Recently I attended a fascinating workshop on household energy practises at Durham University (hosted and organised by Harriet Bulkeley and her research team). The workshop was for an Social Science Advisory Group, which has been established to advise on Northern Powergrid and British Gas’s Customer Led Network Revolution. This scheme centres around the largest smart-grid project in the UK (involving 14,000 homes and costing £54 million to implement). While our discussions were broad ranging and considered the potential impacts on smart meeting and In-House Energy Displays on household energy usage, one of the most interesting things about the workshop for me was the perspective it provided on the processes that are driving the restructuring of the domestic and commercial energy market in the UK.

While the move towards smart-grids and meters is, of course, being driven by a desire to reduce, in aggregate, household energy use and thus help the UK along the road to a lower carbon economy, it is also being conditioned by issues of daily household demand.

The diagram above is a load profile of energy use across the UK over the past 7 days (these profiles are available from the National Grid).
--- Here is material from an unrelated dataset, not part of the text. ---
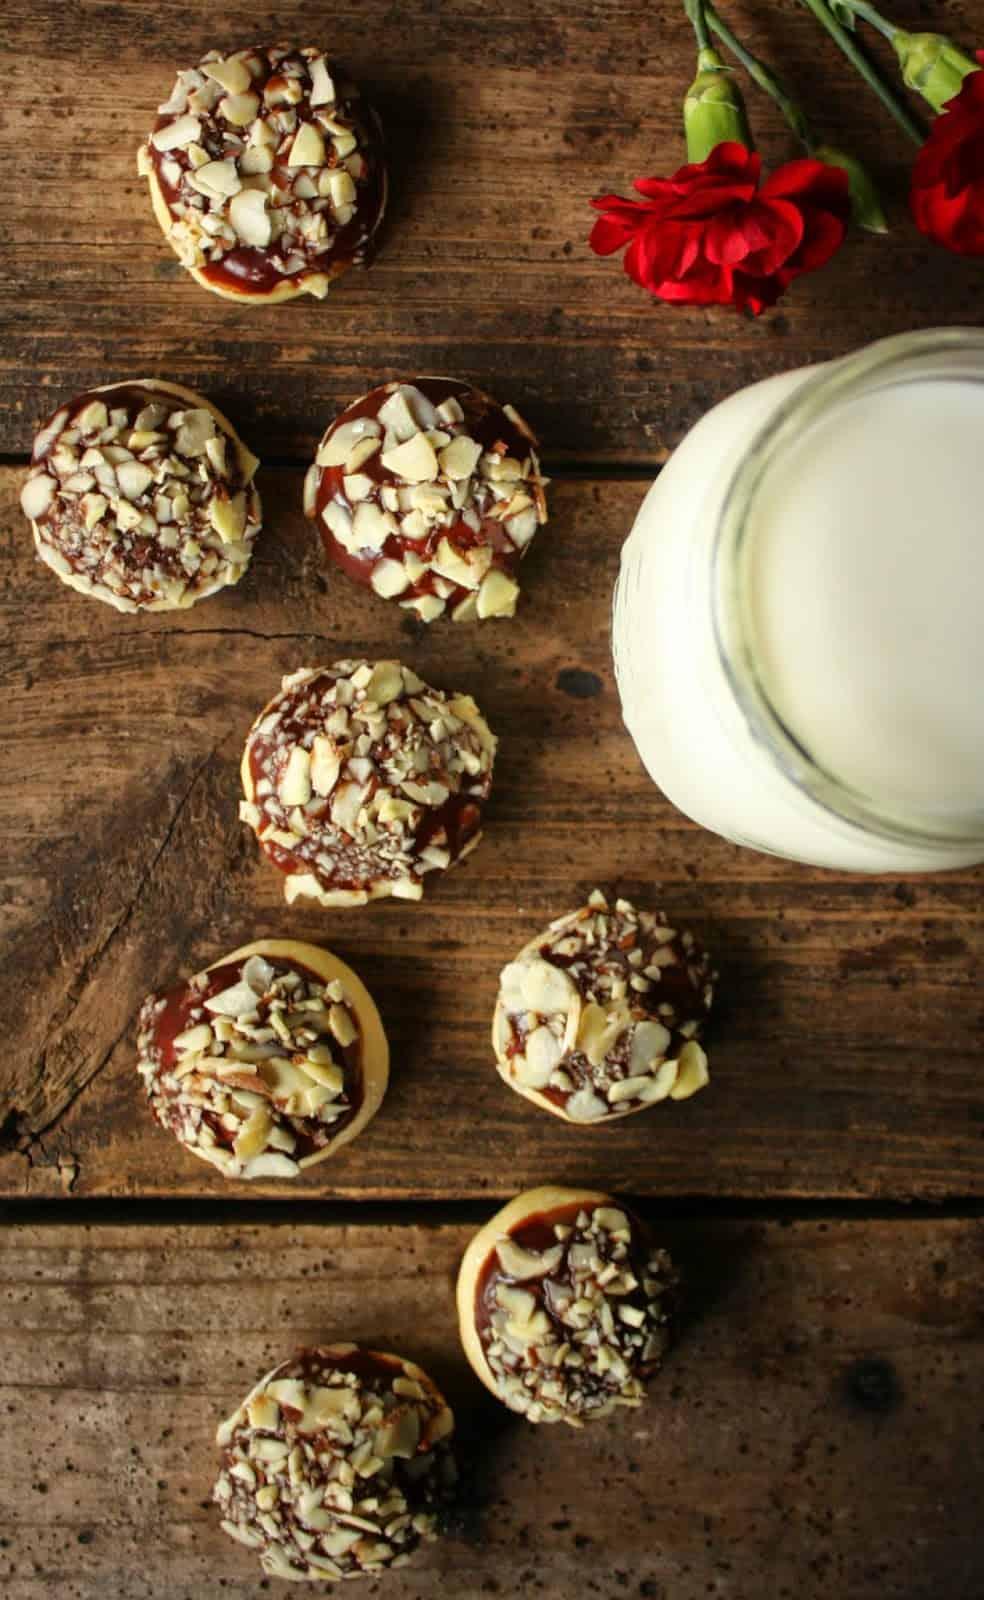 Cardamon Nutella Almond Crunch Cookies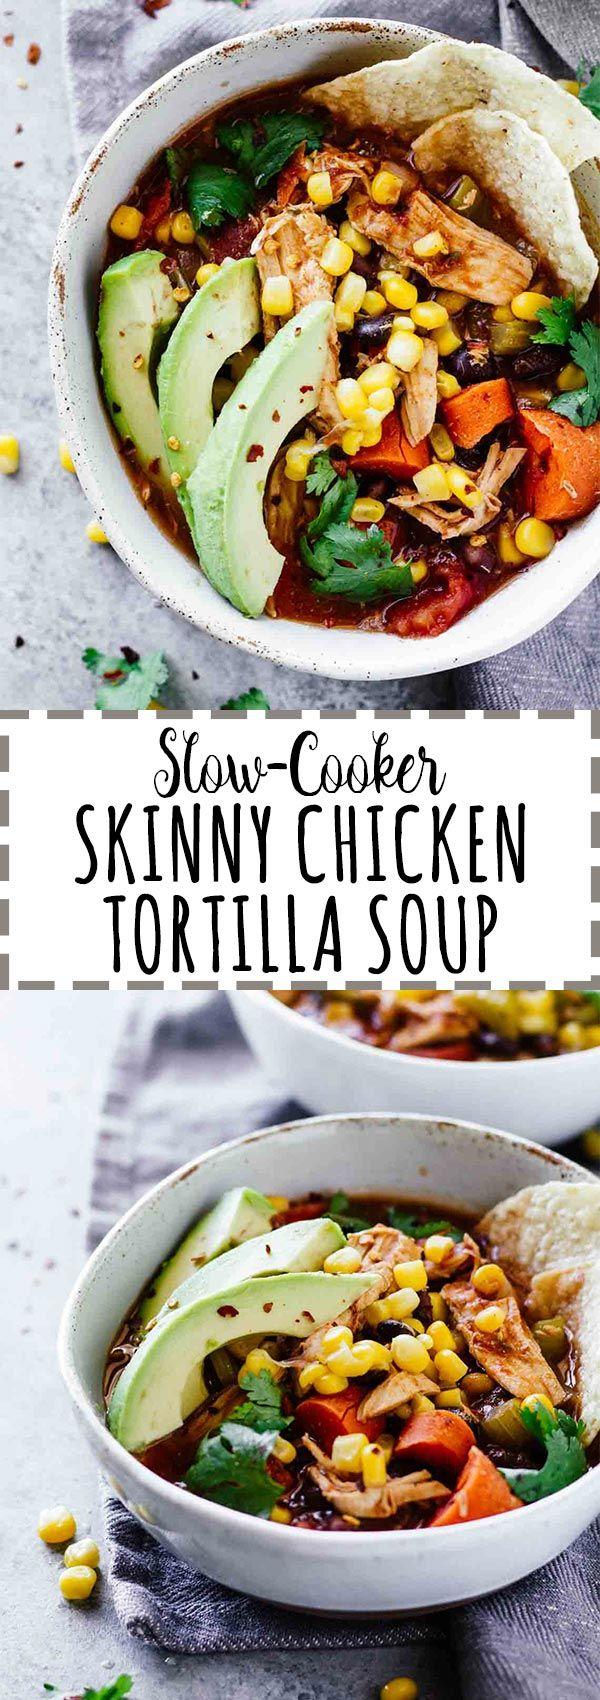 Slow Cooker Skinny Chicken Tortilla Soup - Jar Of Lemons

What this load profile reveals are the daily fluctuations that exist in British energy use (with the expected peaks in the morning and evening periods). It is interesting to note that with the onset of the low carbon, electric economy, these peak energy use periods are likely to see more energy demand being placed upon them (as people plug in their electric cars after returning home from a long day of work). Given the great pressures that such load profiles place on energy supply networks during peak periods, energy suppliers are not only interested in how to make the home more energy efficient, but also how to redistribute energy use throughout the day.

The redistribution of energy use has, of course, been a long-time concern of energy suppliers. As a previous user of storage heaters I was able to make the most of the low, off-peak energy tariffs associated with the Economy Seven initiative. But current discussions about the timing of domestic energy practise have interesting implications for behaviour change policies. It appears that shifting people’s TV watching practises from the peak evening slot of 7-9pm will be difficult, as will moving the timing of when people cook their evening meals. There may be more flexibility, however, as to precisely when people choose to take a bath/shower or put their washing machines on. New tariffs are being used to incentivise off-peak energy use, but as all UK homes join smart grids over the next decade, it will be interesting to see just how flexible our domestic energy use routines actually are.